Frugal living is a complete lifestyle of minimising waste in every area. Wastefulness just does not fit in with the ethos of frugality, nor does wanton spending on unneccessary 'stuff', but what about food? All around us we are spoiled for choice. But with lockdown, came panic buying and shortages of things like toilet paper, pasta, rice, flour and an assortment of basic essentials - even compost, as people flocked to start new gardens. It took a few weeks to iron out the problems of panic buying but it was finally brought under control, although compost still remains like black gold about here. I haven't been shopping this year, aside from visiting the village store or the agricultural merchants (which also has restrictions and cannot source compost). The village store sells bananas and a few apples and oranges: this is about the extent of the fruit selection, along wih occasional tomatoes. The fresh vegetable choice extends to potatoes, onions, carrots and mushrooms but this week they had some beetroot. Everything has increased in price and even more plastic packaging has been introduced.

This morning, I woke early and got up to make a cup of tea, tea that we can't grow at Frugaldom. I looked at the pack of teabags and the jar of instant coffee alongside it, thinking how lucky we are to have such luxuries, neither of which can be grown here at Frugaldom, or even locally.

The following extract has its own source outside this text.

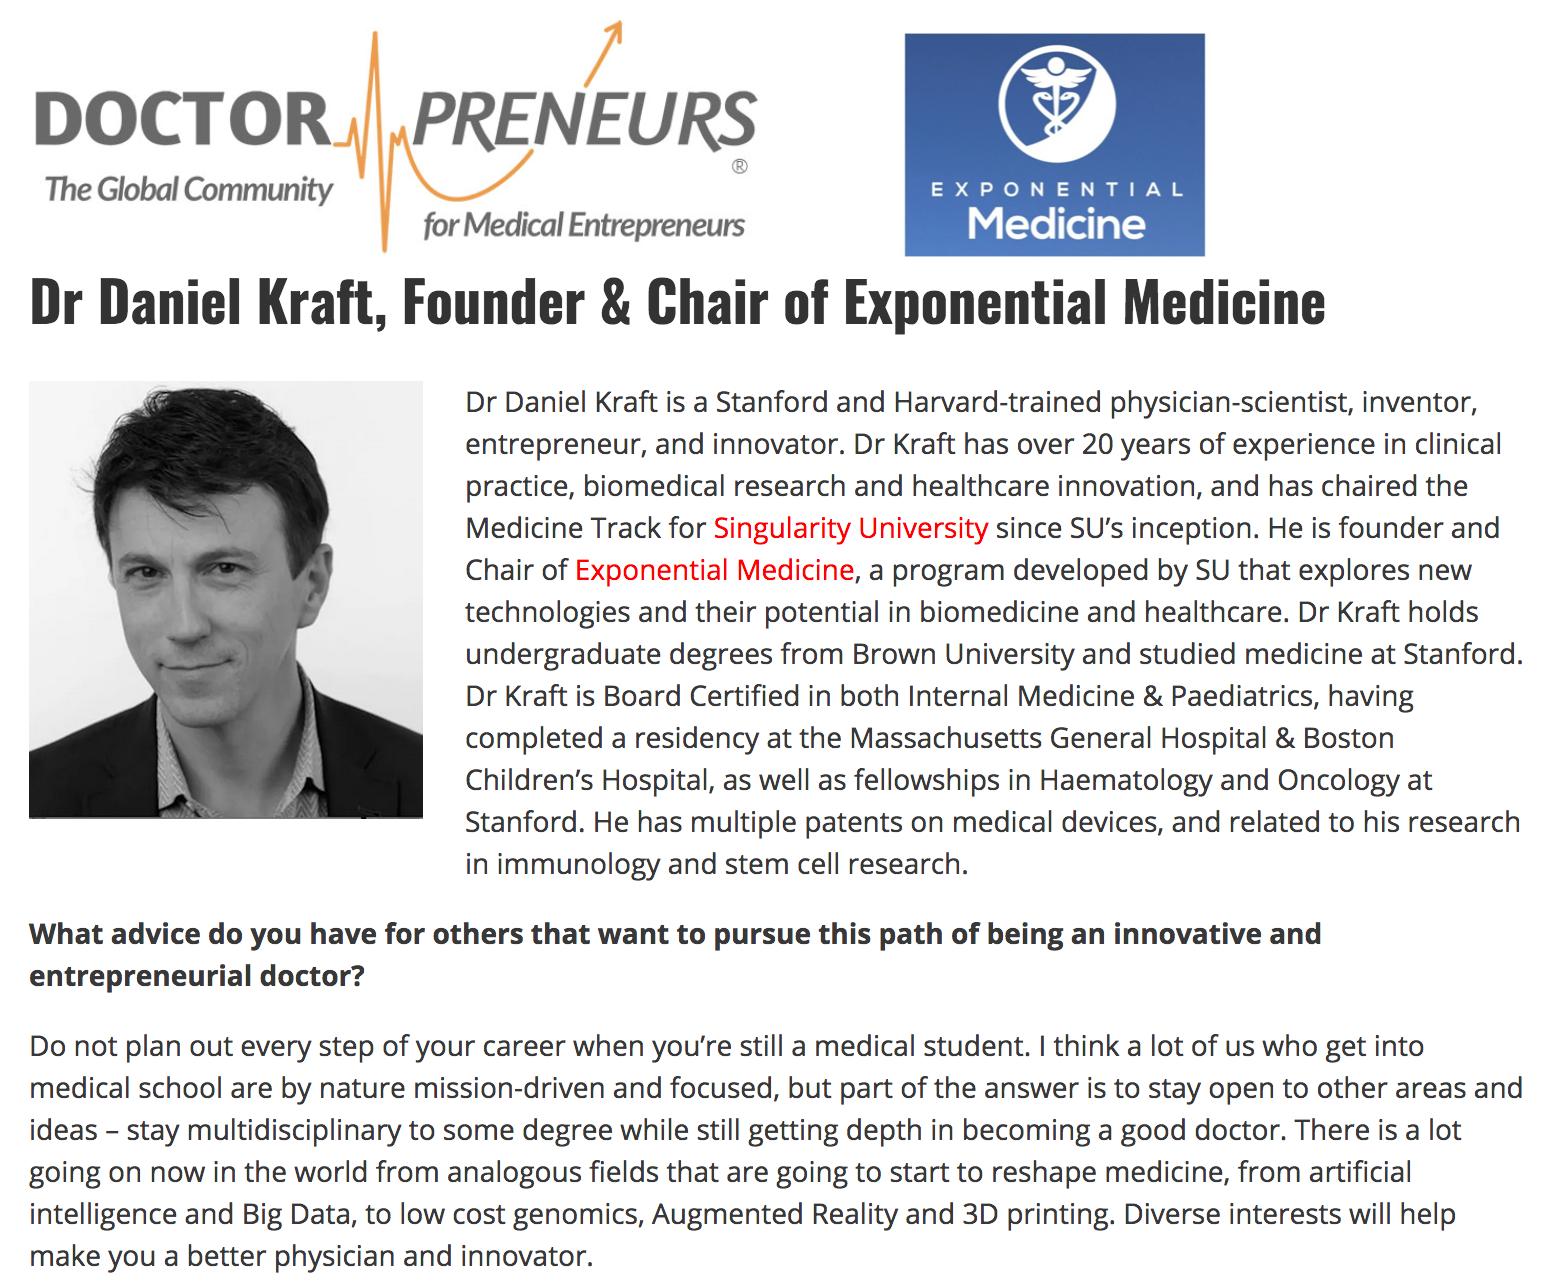 Doctorpreneurs: Daniel Kraft on Innovation and Exponential Medicine

I should be drinking home grown herbal tea. Then I picked up a banana and marvelled at it. How incredible is it that a perennial herb, which is what a banana plant is, can produce such delicious fruits - grown thousands of miles away in warmer climes, picked and packed, flown in planes, hauled in lorries, unpacked, sorted, weighed, packaged, transported through massive distribution networks, unloaded, reloaded, redistributed to shops and supermarkets throughout the country, packed on shelves for customers, like me, to buy... and all because we like the taste and we have the money to buy them.

And I had the audacity to wonder at a price increase for something that still costs mere pennies - shame on me!